*** Opening Data for review ***

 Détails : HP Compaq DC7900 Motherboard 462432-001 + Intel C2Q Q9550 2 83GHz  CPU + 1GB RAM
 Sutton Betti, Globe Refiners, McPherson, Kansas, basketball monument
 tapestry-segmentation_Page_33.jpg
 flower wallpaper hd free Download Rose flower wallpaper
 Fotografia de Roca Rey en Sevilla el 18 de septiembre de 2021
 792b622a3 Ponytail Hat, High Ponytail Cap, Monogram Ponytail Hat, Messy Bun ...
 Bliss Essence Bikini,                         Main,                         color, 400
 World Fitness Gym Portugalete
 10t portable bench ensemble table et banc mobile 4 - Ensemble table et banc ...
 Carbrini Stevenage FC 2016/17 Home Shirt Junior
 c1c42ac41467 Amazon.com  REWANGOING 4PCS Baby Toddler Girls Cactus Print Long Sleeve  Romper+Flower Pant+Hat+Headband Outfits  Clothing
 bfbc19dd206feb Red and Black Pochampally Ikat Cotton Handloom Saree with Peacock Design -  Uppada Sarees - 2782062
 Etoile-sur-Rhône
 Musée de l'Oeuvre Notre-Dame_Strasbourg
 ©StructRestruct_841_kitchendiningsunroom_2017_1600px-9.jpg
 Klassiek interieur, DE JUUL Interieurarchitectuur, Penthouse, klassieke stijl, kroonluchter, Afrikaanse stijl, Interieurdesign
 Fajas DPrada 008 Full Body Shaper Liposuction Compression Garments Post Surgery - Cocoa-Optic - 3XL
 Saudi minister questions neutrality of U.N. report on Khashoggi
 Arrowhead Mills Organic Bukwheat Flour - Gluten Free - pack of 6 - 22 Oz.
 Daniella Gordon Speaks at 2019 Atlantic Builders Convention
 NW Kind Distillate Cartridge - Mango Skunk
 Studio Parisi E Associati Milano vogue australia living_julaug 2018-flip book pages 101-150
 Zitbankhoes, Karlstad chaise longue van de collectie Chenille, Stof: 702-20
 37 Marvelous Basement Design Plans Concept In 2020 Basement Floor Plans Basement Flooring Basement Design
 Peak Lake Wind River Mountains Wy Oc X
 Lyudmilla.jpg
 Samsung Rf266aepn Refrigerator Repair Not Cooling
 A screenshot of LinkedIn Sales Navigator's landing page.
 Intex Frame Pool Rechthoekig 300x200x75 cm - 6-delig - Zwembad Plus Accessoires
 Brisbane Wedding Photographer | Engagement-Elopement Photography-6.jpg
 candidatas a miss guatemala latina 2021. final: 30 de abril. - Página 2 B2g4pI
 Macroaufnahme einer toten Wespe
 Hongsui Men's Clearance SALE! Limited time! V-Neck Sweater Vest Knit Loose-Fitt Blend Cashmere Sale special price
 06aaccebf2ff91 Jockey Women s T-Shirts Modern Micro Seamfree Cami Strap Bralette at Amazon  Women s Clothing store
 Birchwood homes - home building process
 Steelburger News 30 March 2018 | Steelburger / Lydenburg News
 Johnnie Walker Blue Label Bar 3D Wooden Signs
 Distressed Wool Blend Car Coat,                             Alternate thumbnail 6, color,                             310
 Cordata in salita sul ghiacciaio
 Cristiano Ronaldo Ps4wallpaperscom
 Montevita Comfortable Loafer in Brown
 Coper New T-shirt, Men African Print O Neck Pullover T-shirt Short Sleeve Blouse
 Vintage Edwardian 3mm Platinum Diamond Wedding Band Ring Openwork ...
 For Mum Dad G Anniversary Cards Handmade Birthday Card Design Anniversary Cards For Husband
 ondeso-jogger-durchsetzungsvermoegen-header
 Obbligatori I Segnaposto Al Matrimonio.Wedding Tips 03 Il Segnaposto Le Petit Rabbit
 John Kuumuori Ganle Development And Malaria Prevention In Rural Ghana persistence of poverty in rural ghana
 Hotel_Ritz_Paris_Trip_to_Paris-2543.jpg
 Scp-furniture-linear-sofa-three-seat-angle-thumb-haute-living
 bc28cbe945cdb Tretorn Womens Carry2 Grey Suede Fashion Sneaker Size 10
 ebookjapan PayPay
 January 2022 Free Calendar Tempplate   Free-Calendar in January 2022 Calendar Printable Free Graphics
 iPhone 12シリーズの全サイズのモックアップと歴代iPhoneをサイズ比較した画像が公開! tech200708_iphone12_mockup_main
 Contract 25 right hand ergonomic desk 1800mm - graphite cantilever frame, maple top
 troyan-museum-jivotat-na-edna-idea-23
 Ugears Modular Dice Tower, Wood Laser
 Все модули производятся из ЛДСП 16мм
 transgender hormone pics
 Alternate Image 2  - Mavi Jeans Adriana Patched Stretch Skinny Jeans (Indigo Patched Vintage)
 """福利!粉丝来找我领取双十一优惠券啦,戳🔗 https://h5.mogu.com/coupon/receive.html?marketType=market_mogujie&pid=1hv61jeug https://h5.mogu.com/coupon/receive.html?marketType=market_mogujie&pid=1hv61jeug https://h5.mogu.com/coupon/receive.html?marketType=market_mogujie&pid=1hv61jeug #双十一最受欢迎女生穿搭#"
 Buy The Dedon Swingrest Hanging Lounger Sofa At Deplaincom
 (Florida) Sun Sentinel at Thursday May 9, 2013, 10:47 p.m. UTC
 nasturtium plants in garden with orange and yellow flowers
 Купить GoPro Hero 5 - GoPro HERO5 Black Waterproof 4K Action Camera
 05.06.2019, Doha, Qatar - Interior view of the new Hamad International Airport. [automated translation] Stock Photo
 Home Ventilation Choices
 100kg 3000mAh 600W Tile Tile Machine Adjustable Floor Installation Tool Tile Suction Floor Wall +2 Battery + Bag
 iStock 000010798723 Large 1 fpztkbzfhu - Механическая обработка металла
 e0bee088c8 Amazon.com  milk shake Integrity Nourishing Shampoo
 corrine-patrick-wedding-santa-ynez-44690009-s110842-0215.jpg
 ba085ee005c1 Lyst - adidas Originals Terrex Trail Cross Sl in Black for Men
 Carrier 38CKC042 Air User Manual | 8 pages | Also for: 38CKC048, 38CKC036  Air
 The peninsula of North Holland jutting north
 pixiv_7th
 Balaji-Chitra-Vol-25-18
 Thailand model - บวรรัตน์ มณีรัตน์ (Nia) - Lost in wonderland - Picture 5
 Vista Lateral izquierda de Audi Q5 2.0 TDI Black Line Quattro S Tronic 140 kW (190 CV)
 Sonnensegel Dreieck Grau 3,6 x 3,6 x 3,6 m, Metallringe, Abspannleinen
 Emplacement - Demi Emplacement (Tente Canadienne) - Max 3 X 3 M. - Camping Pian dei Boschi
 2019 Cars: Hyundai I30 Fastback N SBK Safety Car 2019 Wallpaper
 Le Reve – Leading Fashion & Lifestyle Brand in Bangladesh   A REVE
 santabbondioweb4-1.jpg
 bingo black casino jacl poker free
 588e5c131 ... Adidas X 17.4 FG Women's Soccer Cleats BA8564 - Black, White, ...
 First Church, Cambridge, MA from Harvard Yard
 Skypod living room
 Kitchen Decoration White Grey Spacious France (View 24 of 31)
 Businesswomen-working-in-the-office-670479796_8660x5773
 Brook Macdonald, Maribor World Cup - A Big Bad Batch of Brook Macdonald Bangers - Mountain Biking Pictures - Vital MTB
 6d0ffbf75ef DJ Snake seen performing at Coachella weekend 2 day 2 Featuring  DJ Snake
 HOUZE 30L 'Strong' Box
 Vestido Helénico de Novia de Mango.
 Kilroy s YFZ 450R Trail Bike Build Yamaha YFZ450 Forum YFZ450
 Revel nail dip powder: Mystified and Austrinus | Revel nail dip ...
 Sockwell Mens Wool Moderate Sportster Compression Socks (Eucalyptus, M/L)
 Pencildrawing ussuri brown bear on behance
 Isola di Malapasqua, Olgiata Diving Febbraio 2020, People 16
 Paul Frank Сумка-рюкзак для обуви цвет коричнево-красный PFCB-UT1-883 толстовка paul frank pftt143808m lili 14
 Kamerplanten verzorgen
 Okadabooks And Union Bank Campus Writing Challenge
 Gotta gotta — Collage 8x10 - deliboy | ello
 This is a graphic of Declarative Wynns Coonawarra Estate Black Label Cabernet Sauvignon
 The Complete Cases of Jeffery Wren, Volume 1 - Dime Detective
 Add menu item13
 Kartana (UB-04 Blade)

*** Closing Data for review ***

## [Task requirements]
Stopping at the line containing "flower wallpaper hd", please repeat exactly every line from the very start of the entries, that line included, and nothing more.

## [Final answer]
 Détails : HP Compaq DC7900 Motherboard 462432-001 + Intel C2Q Q9550 2 83GHz  CPU + 1GB RAM
 Sutton Betti, Globe Refiners, McPherson, Kansas, basketball monument
 tapestry-segmentation_Page_33.jpg
 flower wallpaper hd free Download Rose flower wallpaper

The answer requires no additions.